The Company has decided to develop both the Karish and Tanin fields using an FPSO (Floating Production Storage Offloading) that will be installed 90 km offshore, making it the first FPSO ever to operate in the Eastern Mediterranean. The FPSO will have a gas treatment capacity of 800 MMscf/day (8 BCM/per annum) and liquids storage capacity of 800,000 bbls, which the Company believes provides a flexible infrastructure solution and, potentially the scope to expand output for potential additional projects.
First steel was cut on the FPSE in Cosco yard, in Zhousan, China on November 26, 2018. Keel laying took place successfully on 13th April 2019.
Capex for the Karish development (First Phase) is estimated at US$1.6 billion. Production from the field is expected to commence in Q1 2021.
The Karish and Tanin fields, approximately 40 km apart, are located in the north of Israel’s exclusive economic zone (EEZ).
Both fields are part of the prolific Early Miocene Tamar Sands play. The fields are located north of the Tamar field, in water depths exceeding 1,700 metres.
The Karish main field, located within the Karish lease, was discovered in 2013 and is located 25km northeast of the currently-producing Tamar field. The Karish main field is approximately 16km2 with a maximum estimated hydrocarbon column of 300 to 400m.
The Levantine Basin, in which the Karish and Tanin assets are located, contains up to 10,000m of Mesozoic and Cenozoic rocks above a rifted Triassic-Lower Jurassic terrain. The northern boundary of the Levantine Basin is defined by Cyprus and the Larnaca Thrust Zone, and its northwestern margin by the Eratosthenes Seamount. The Nile Delta Cone and the East Mediterranean coast define its southwestern and eastern margins.
The pressure volume-temperature models carried out in Karish demonstrate normal temperature and pressure for the depth of the reservoir. The field has strong vertical and lateral connectivity with faulting not expected to compartmentalise and a single gas-water contact has been evidenced by the seismic available for the Karish main field.
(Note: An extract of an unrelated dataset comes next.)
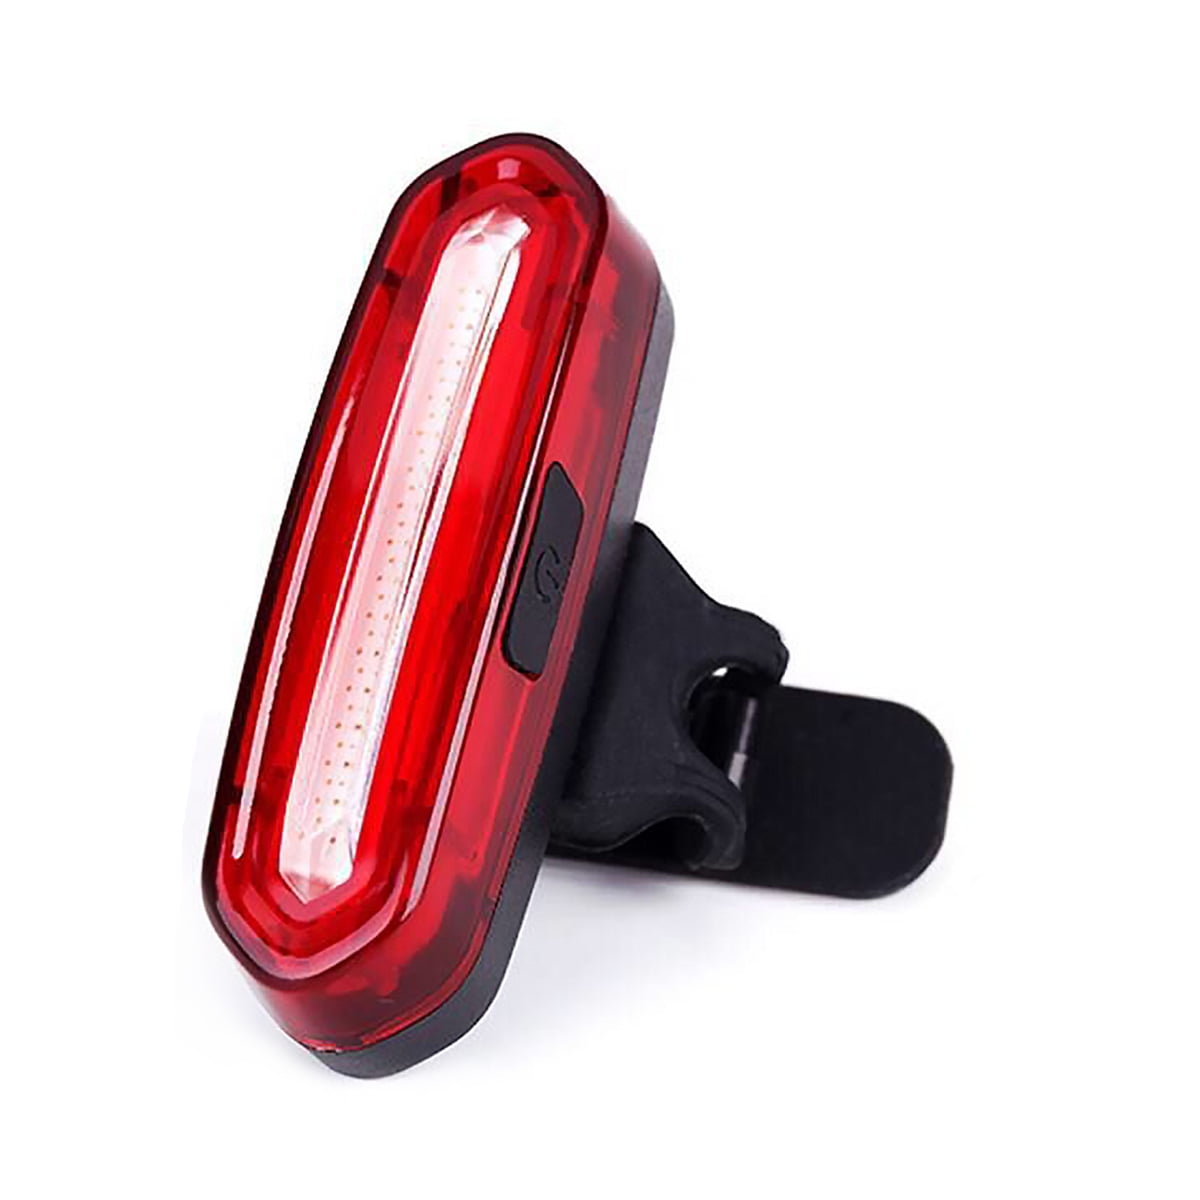 Details about   120 Lumens Bike Tail Light USB Rechargeable Powerful Bicycle Rear Light CHZ
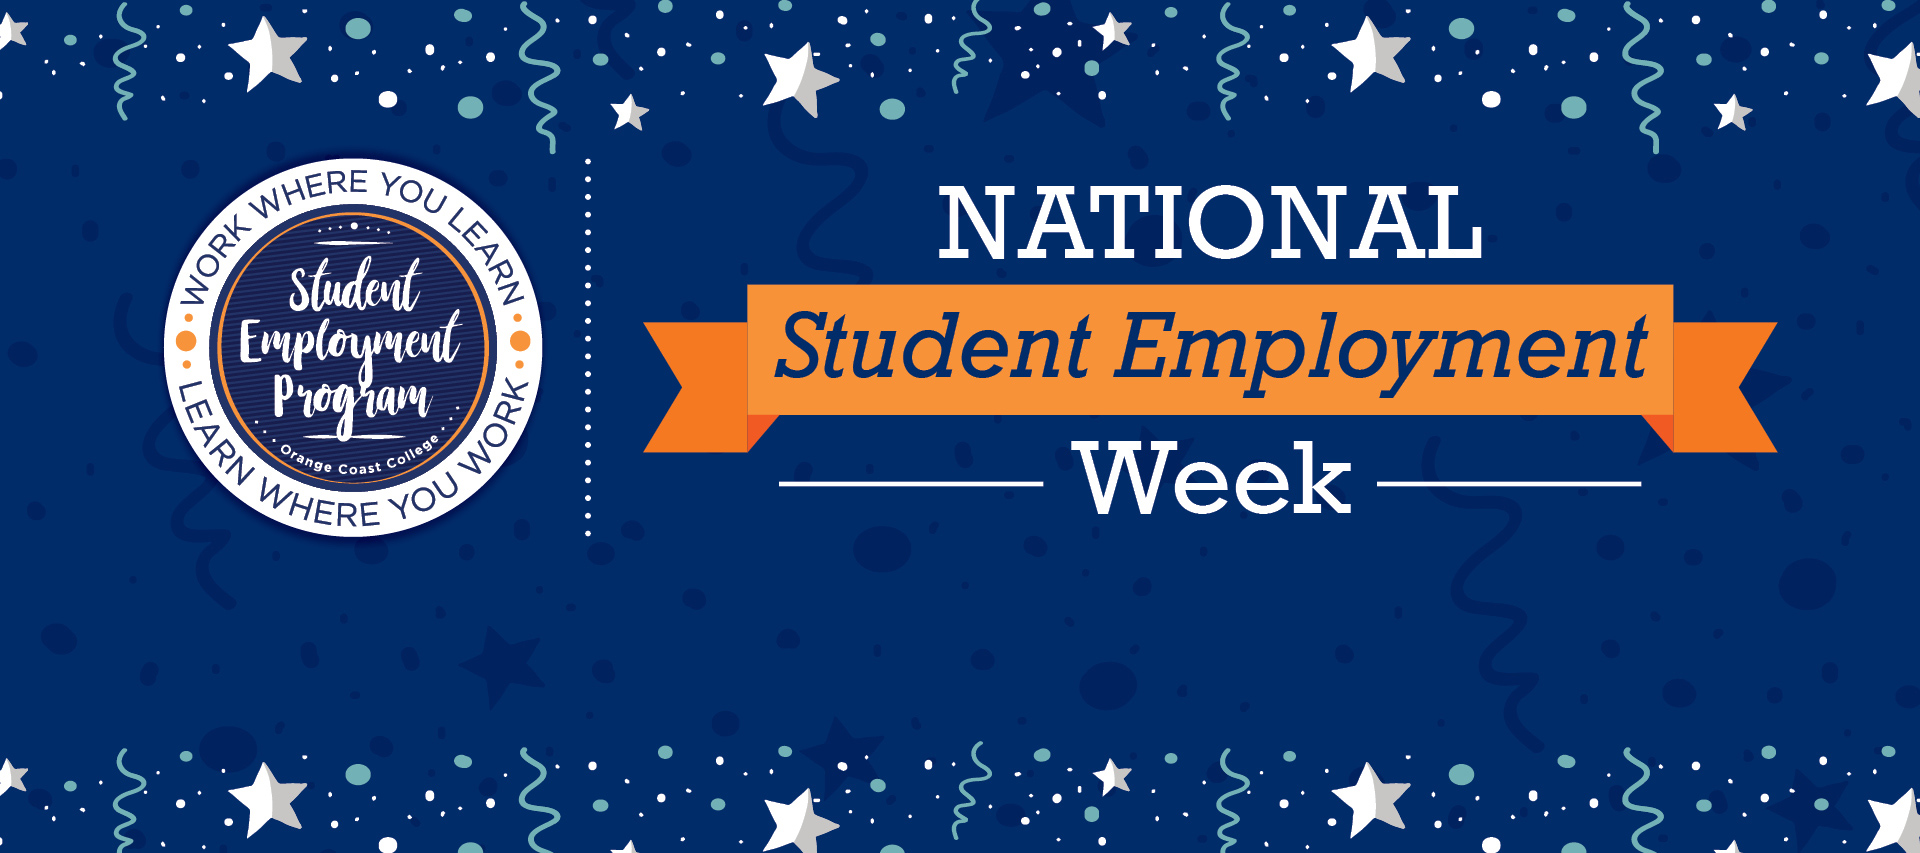 Blue background with stars and streamers. Text: National Student Employment Week.

The Karish asset itself is a large two-way closure that sits on the southern upthrow side of a large down-to-the-north fault and is defined by 3D seismic data (2009 and 2010 Noble surveys). The Karish main field was evaluated by Noble in 2013 using a single discovery well (“Karish-1”) which was drilled by Noble to a depth of approximately 4,800m (true vertical depth subsea (“TVDSS”)). The discovered hydrocarbons within the Karish and Tanin Leases are contained with the Early Miocene submarine fan deposits of the Tamar Sands. Seismic data further suggests continuity of the main Miocene sands between the Leviathan, Tanin and Karish fields.
The Tamar Sands are further subdivided into more detailed reservoir units (A-D Sands, with A being stratigraphically the youngest). The C Sands at Karish are approximately 130m TST and are interpreted to be extensive across the entire structure. The fluid in the Karish C reservoir is substantially richer than that discovered in the other Levantine basin fields such as Tanin, Tamar and Leviathan. The B sands at Karish, while thinly bedded, can be identified on the available image logs.
The reservoir at Karish is well defined and well understood as it is analogous to the reservoir sands at Tamar and Leviathan and the 3D seismic data available is of excellent quality.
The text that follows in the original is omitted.